An army of aunties, uncles, cousins and our grandparents, would be on the look-out and as soon as they heard the tired car engine moaning up the steep cobblestone street, they would spill out onto the warm afternoon and my father would sound the horn. My mother did not like that, it was unbecoming and not very refined and my father would sound the horn again wearing an irreverent smile, broad as the street, safe in the knowledge that it was too late for her to get mad at him, as she too had to smile now for the benefit of the crowd waving in front of us.
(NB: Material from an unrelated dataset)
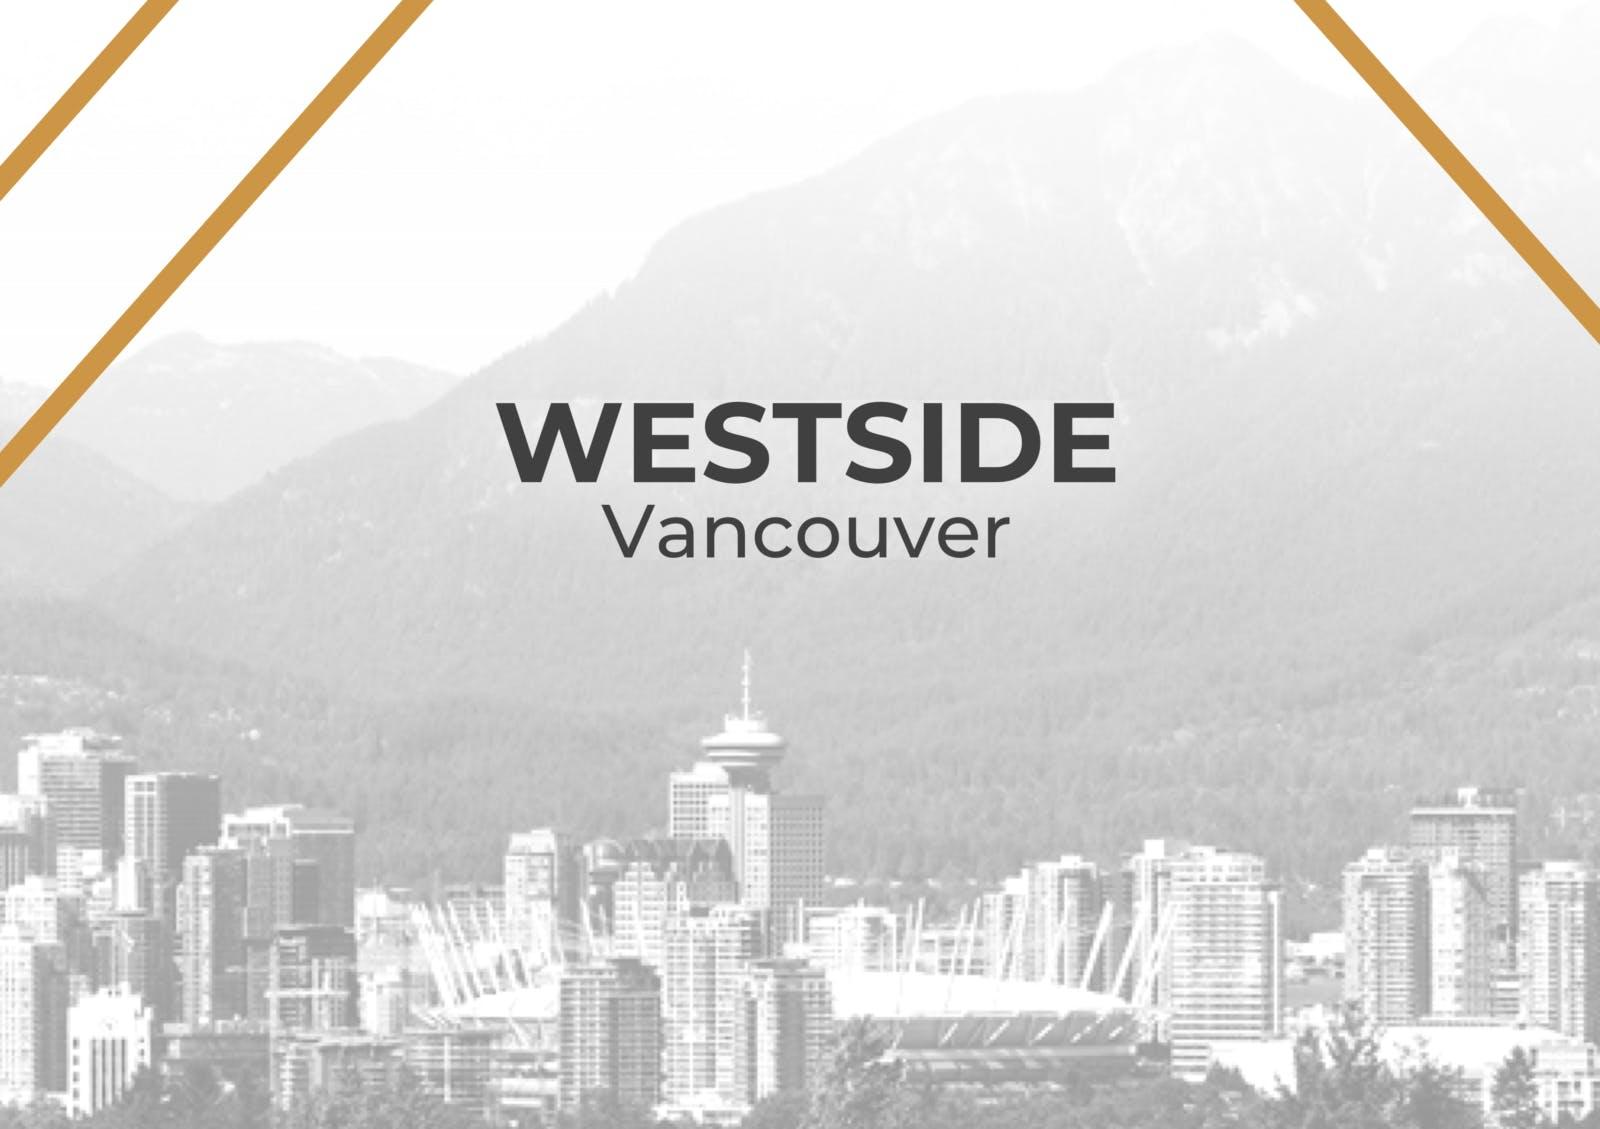 Westside Vancouver

A frenzy of kisses, hugs, pinches, slaps, of ‘gosh, haven't they grown!’, ‘she’s just like you!’, ‘how beautiful they are!’ preceded a round of house visits. Luckily they all lived in the same street but also, that meant that there was no respite. Every house we entered smelled the same to me, of boiled milk and hanged bacon, of freshly shot partridges and rabbits, of green scourers, of baked cream sponge cake and oil soap, of men’s suits bathed in tobacco smoke, of crochet curtains cured with condensation, of clean linen and old furniture. The uncle and aunt of the house would take us to the kitchen where a feast of cold meats and home made cakes was awaiting us; we were required to finish with it all. They would insist, arguing that we’d just had a very long journey and we must be ravenous, ‘eat, eat!’ they would say. After the fifth house, we would be feeling sick and my mother would come to the rescue, saying that it had been a long day and that we needed a nap.
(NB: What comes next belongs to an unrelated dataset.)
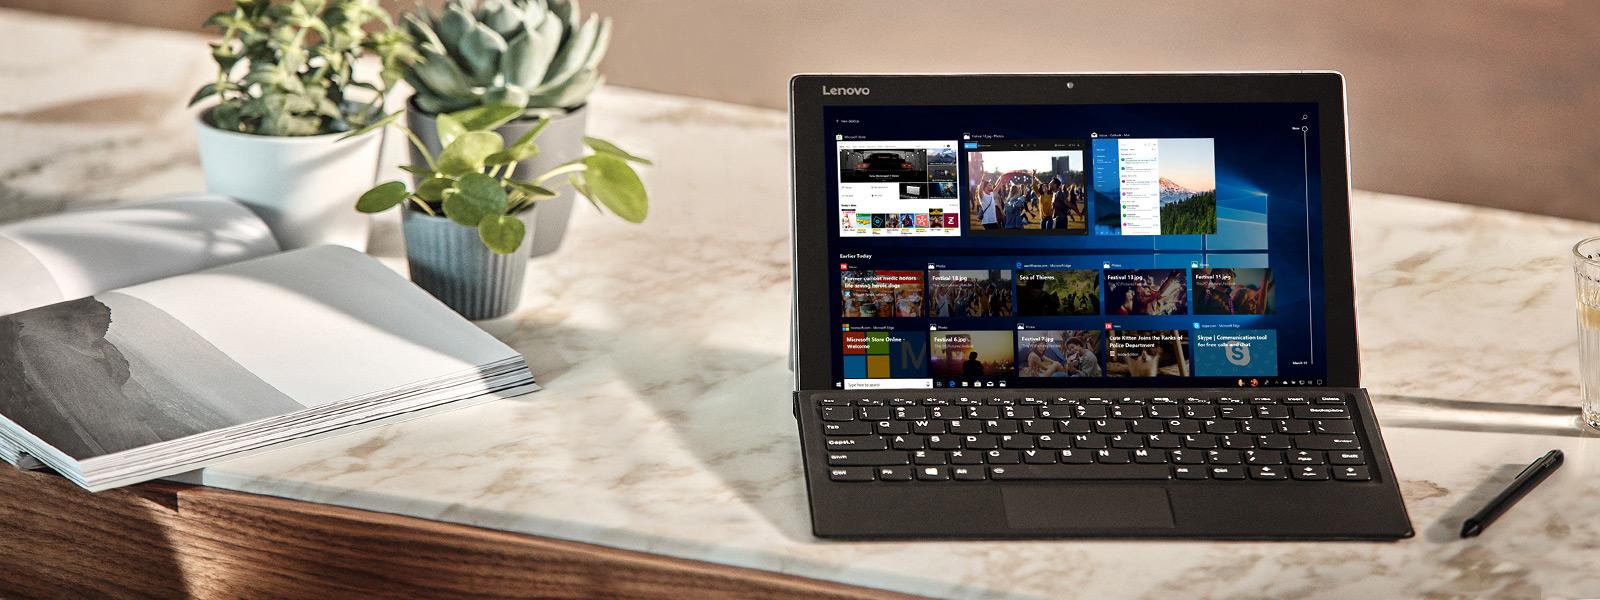 Windows 10 2018년 4월 업데이트의 기능이 표시된 컴퓨터 화면

Summer was an interminable source of adventure and wonder, we roamed freely. The hill at the back of my grandparents corral was a favourite. 'El Cinto' was a gentle hill sprouted with rough wild wheat– a dried sun-bleached landscape, alive with grasshoppers and praying mantis which suffered detailed exploration if caught. I cannot recall when was the last time that we were there, as children. One day, unbeknown to me, it became the last.
We are sitting outside, under the lush vine canopy, the grapes ready for picking. The impending evening coolness beginning to soothe the air; a red hot sun setting slowly. Mark fills up my glass. I lean back on the chair, wondering whatever happened to Ramiro as I take a sip of wine.